I don't understand your question. Fluorine like to get the 8 electrons on the outer shell, so it will grab a electron from other elements to get it fulfilled. And the result is a fluoride.

[Ksc]

Ok, i'm not sure if I understand it.. It's a different method compared to diatomic molecules? Let's say CO for example - there you can just count all the valence electrons(10 combined).

[unsu]

The molecule of SF₆ has 48 valence electrons. Instead of making full MO diagram for all valence electrons, we can construct a partial MO diagram. For six fluorine atoms, we can only consider those p-orbitals that are pointed directly to the sulfur atom (2p_z). These orbitals are called radial orbitals. To form six bonds, you consider 6 valence electrons of the sulfur and one electron from each fluorine atom that occupies 2p_z orbital. So we have total of 12 electrons participating in the formation of S-F bonds. The other (paired) fluorine electrons in 2p_x and 2p_y orbitals are not pointed directly to the S atom and are not considered in the partial MO diagram approach. They do not contribute significantly to the formation of the six S-F bonds.

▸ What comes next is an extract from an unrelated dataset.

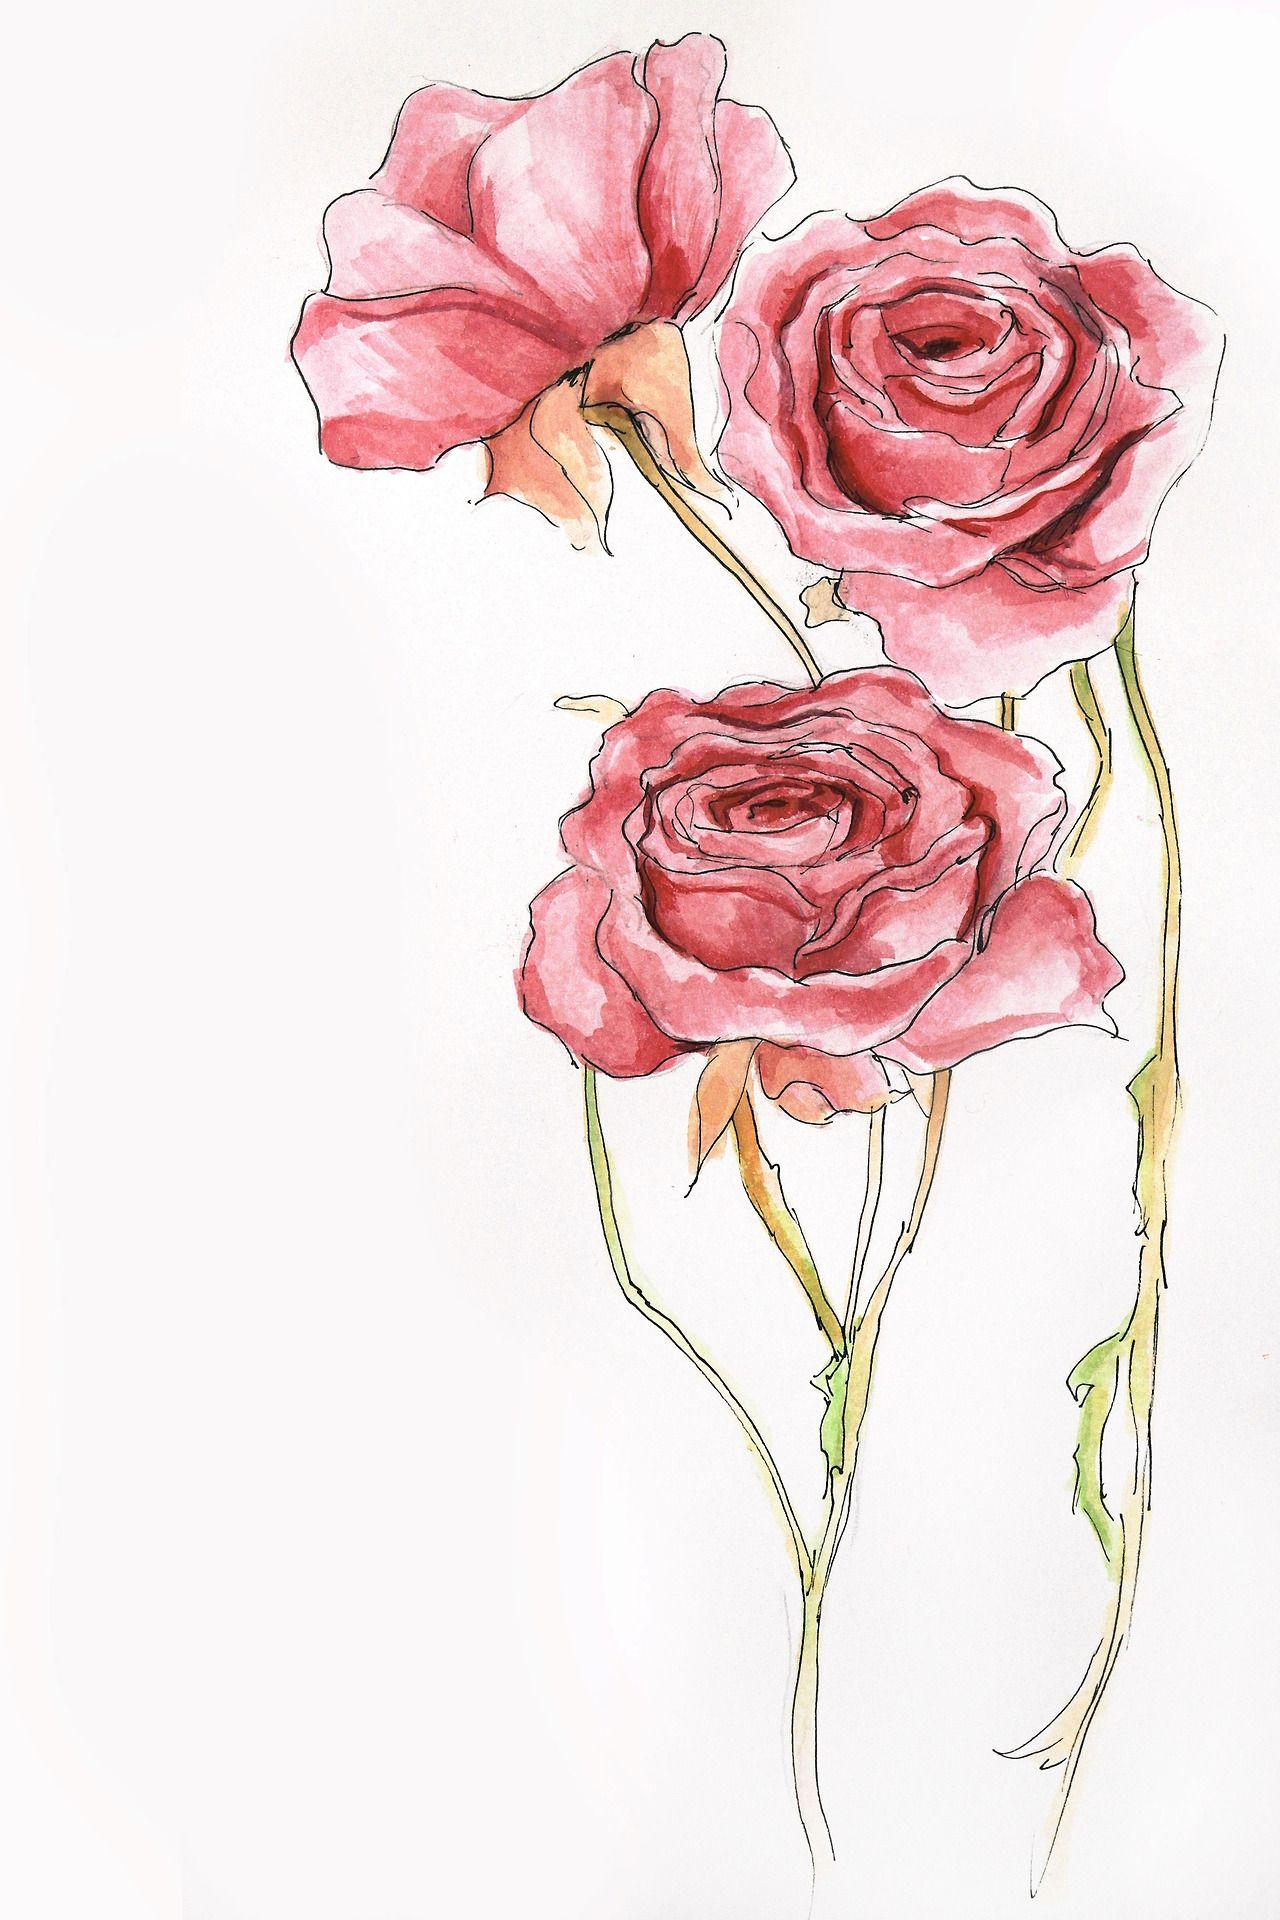 Watercolor Rose Painting Tumblr Disegni Di Rose Disegno Fiori

If you want to construct full MO diagram as for diatomic molecules, then yes, you need to use all 7 valence electrons from each fluorine, derive the reducible representations for Г_2s, Г_2px, Г_2py, Г_2pz, find their symmetries, etc. etc. Generally, this if very difficult and not really necessary.

This is how I understand it but I would like someone else to comment on this. Please also review Section 5.7 "Molecular orbital theory: learning how to use the theory objectively" in Housecroft/Sharpe Inorganic Chemistry textbook, you could find some answers there.

[Ksc]

Thanks alot!!  that cleared things up quite a bit. I'm using the book Inorganic Chemistry by Shriver & Atkins and I found it pretty vague on that subject. But, what about Sulfurs 2px and 2py orbitals?

[unsu]

In the octahedral point group the sulfur's 3s orbital possesses A_1g symmetry and the three 3p orbitals (x, y and z) is a degenerate set of T_1u symmetry.

The ligand group orbitals (LGO) constructed from 2p_z orbitals of fluorines have A_1g, E_g and T_1u symmetries. So, there are six ligand group orbitals.

Ok, 3s orbital of sulfur (a_1g) interacts with a_1g LGO making one bonding and one antibonding orbital.

Three 3p orbitals of sulfur (t_1u) interact with three t_1u ligand group orbitals.
"t" means triply degenerate (3 orbitals, same energy). This produces three bonding and three antibonding orbitals.

The LGO with E_g symmetry do not match the symmetry of the AO of the sulfur atom, so they form the non-bonding MOs.

So, now we have the following MO: one a_1g, three t_1u, two e_g, three t_1u* and one a_1g*

Now, count the electrons: 6 valence electrons from S and one 2pz electron from each F = 12 total electrons. They will occupy  a_1g, t_1u and e_g molecular orbitals.

You can consider the unused fluorine's 2s, 2p(x) and 2p(y) as lone pairs (non-bonding). 2s orbital is just too far in energy from the sulfur AOs. And 2p(x) and 2p(y) they either do not match the symmetry of sulfur AOs or, for t(1u) set, their overlap with the sulfur AO is inefficient (due to their positions).